What if you’re driving down the road when a driver cuts in front of you, and you end up in a severe accident? How would you feel if that driver left the scene of the accident?
As you can imagine, this can cause stress, anxiety, and frustration. If this ever happens to you, one of the first questions you might ask is, ‘Can I sue the driver who totaled my car?’ The answer may be yes, but there may be some things you should have considered.
Before you take any legal action, consider the possible outcomes and your rights. Here’s a guide to help you understand the legality of the situation, your rights, and the next steps you should take.
Establishing Liability for Civil Lawsuit
You must first establish their liability for the accident to sue the driver who totaled your car. This involves demonstrating that the other driver acted recklessly, leading to the collision.
Negligence can be established through various factors. The common grounds are distracted driving, speeding, disobeying traffic signals, or driving under the influence of drugs or alcohol.
When Can I Sue the Driver Who Totaled My Car?
Remember that there are statutes of limitations that dictate the time frame within which you must file a lawsuit after a car accident. Failing to meet these deadlines can result in losing your right to seek compensation through legal action.
Therefore, it is essential to act promptly. Seek legal advice after the incident to protect your rights and interests as soon as possible.
The Role of Insurance Companies
It’s essential to understand how insurance companies come into play. Typically, car accident cases are handled through insurance claims. The on-fault driver’s insurance should cover the damages incurred up to their policy limit.
Usually, the insurance settlement offered does not fully compensate you for your losses. You may consider filing a civil lawsuit to pursue further compensation.
Filing a Car Accident Lawsuit
To start the civil lawsuit, you (the plaintiff) must file a formal complaint against the at-fault driver (the defendant) in the appropriate court. The complaint outlines the details of the accident, the damages you suffered, and the compensation you seek.

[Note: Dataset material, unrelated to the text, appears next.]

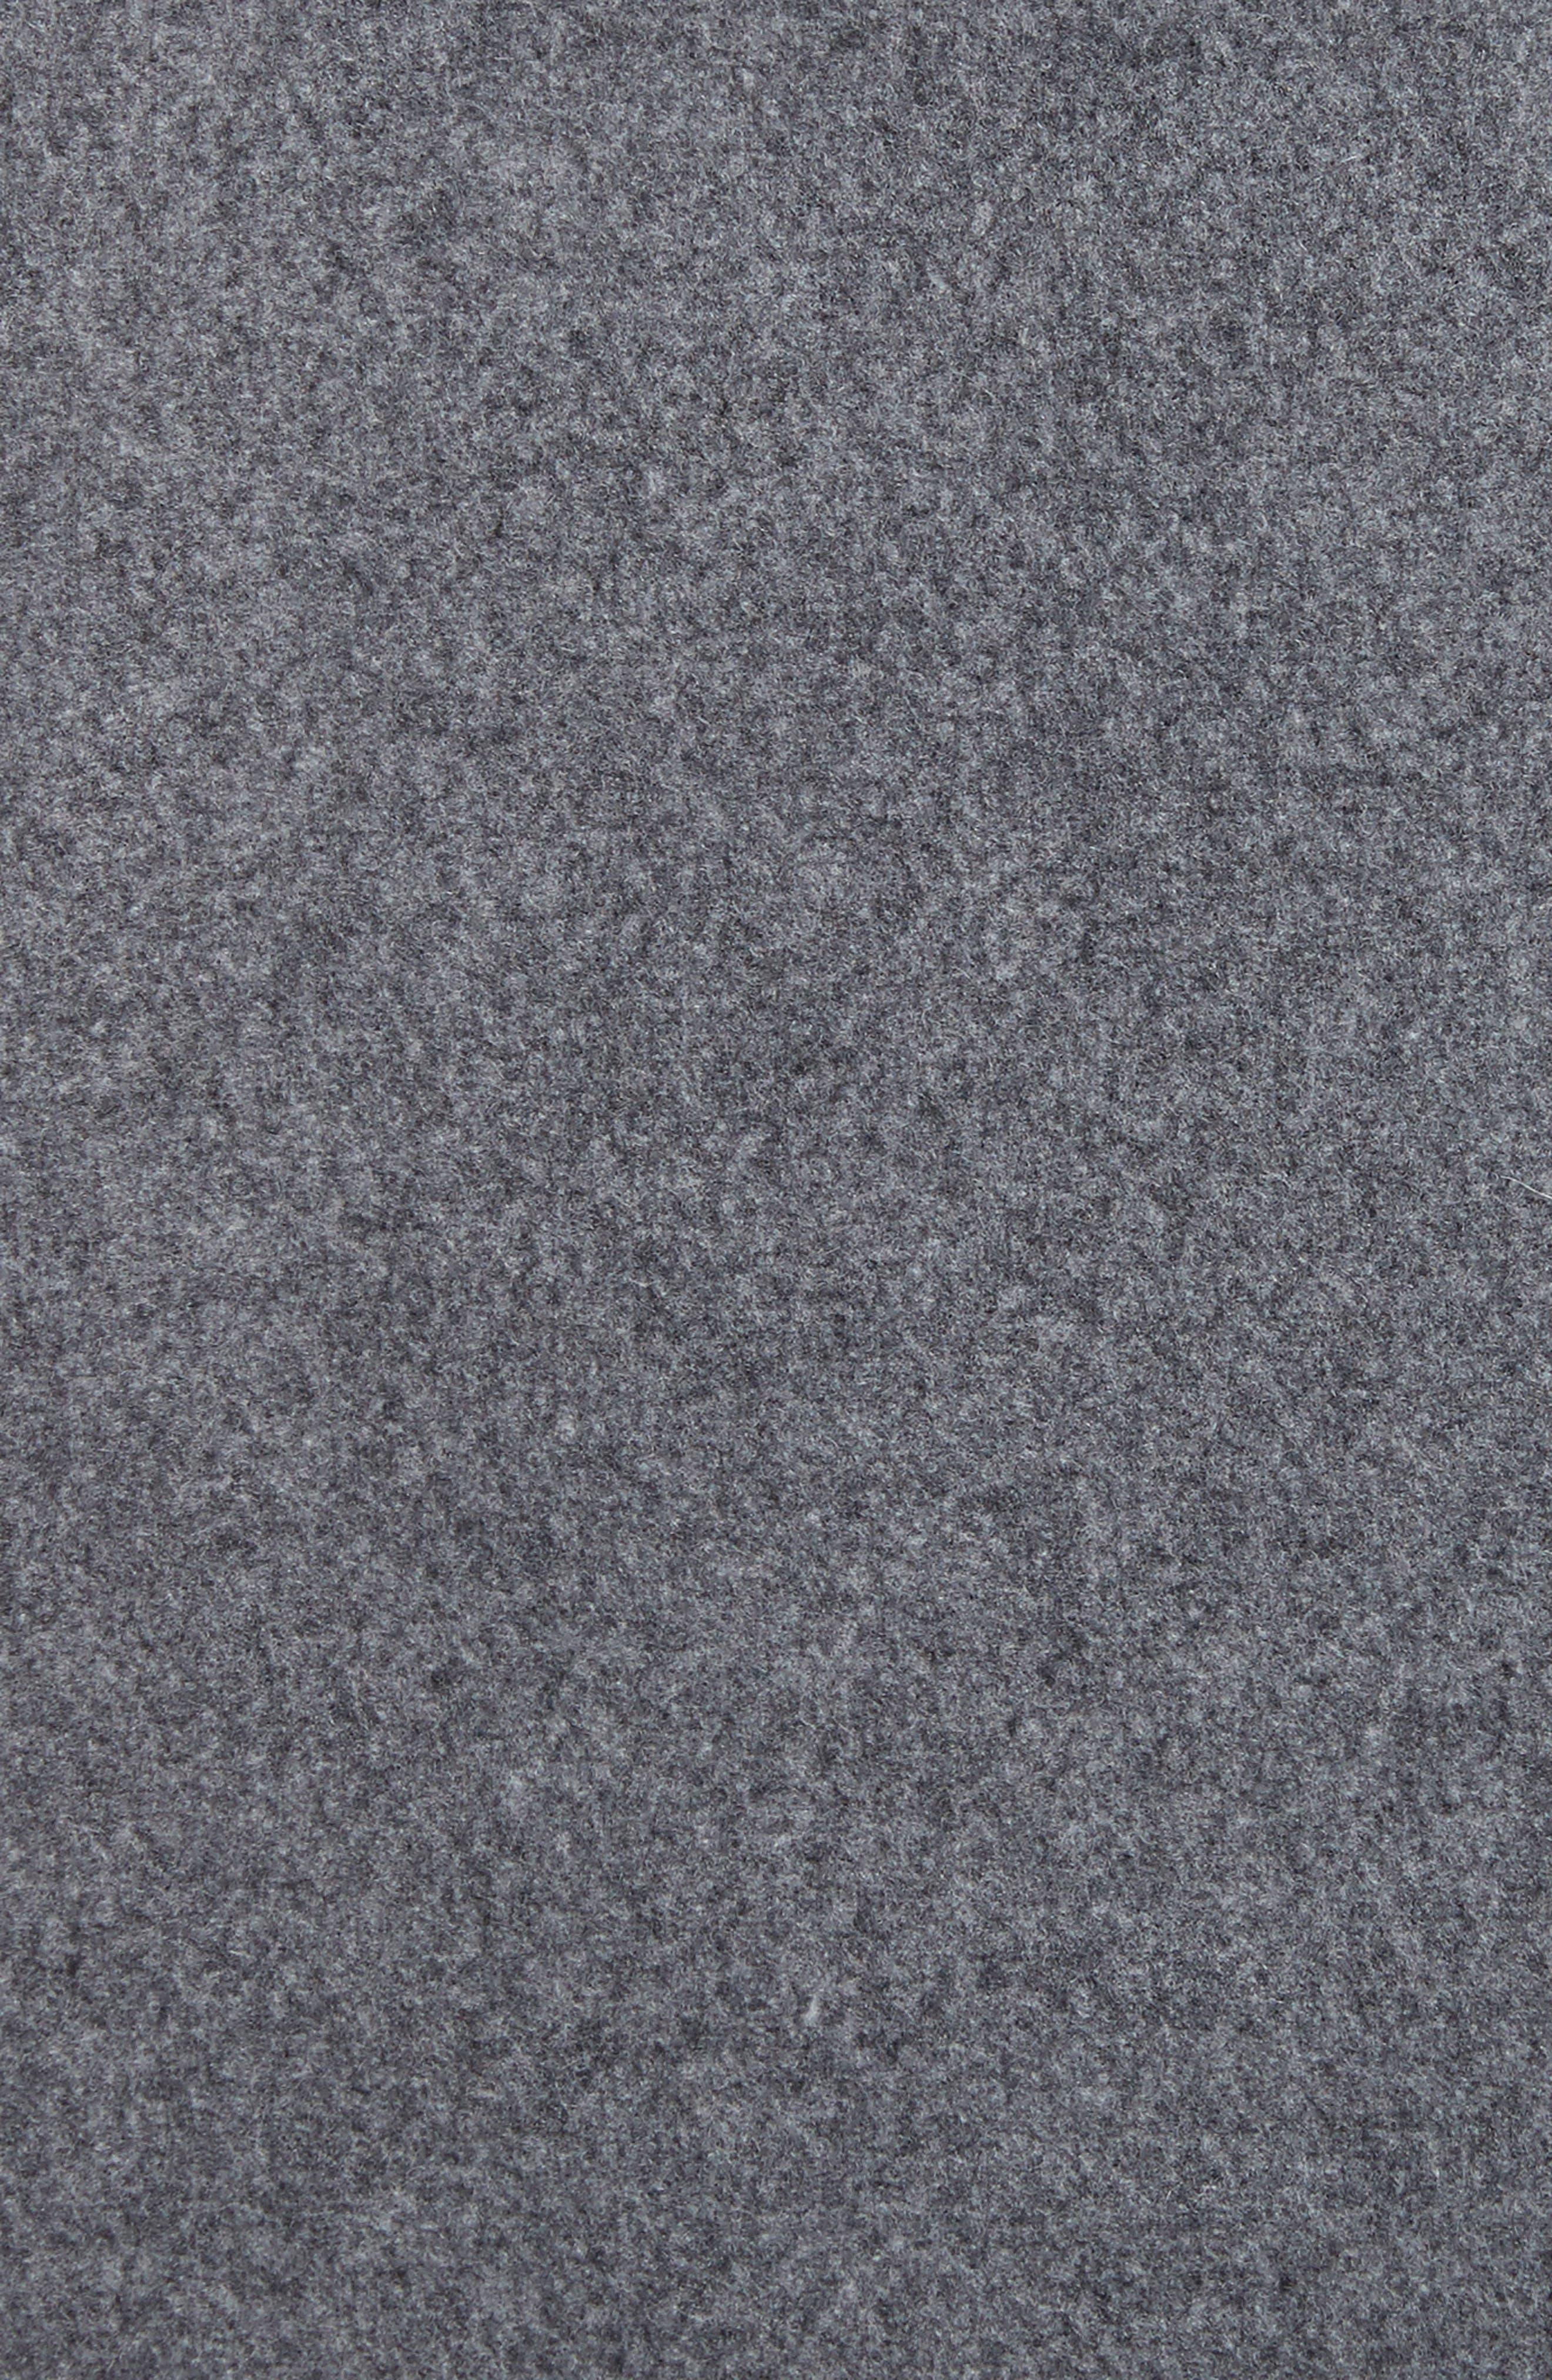 Laporta Genuine Shearling Trim Wool Blend Hooded Coat,                             Alternate thumbnail 6, color,                             Dark Grey

The driver sued for a car accident will receive a copy of the complaint. This is when the legal process will begin.
A crucial aspect of any civil lawsuit for a car accident is collecting evidence to support your claims. Evidence may include photographs of the accident scene, medical records, witness statements, police reports, and other relevant documentation. Your civil attorney will help gather and organize this evidence to build a strong case on your behalf.
Settlement vs. Trial
In many car accident cases, the parties involved may reach a settlement agreement before the trial begins. Settlements are negotiated agreements where the at-fault driver’s insurance company agrees to pay a certain amount to the injured party to resolve the claim.
If a fair settlement cannot be reached, the case will proceed to trial. A judge or jury will decide the outcome.
Follow This Guide
You might ask, “Can I sue the driver who totaled my car?” Yes, you do have the option to seek compensation for your losses.
Consider filing a civil lawsuit against the driver who caused the accident.
You can recover damages for your car repairs or replacements, medical expenses, lost wages, pain, and suffering. Remember that the outcome of a civil lawsuit can vary depending on the evidence presented and the specifics of the accident. It’s crucial to seek professional legal advice.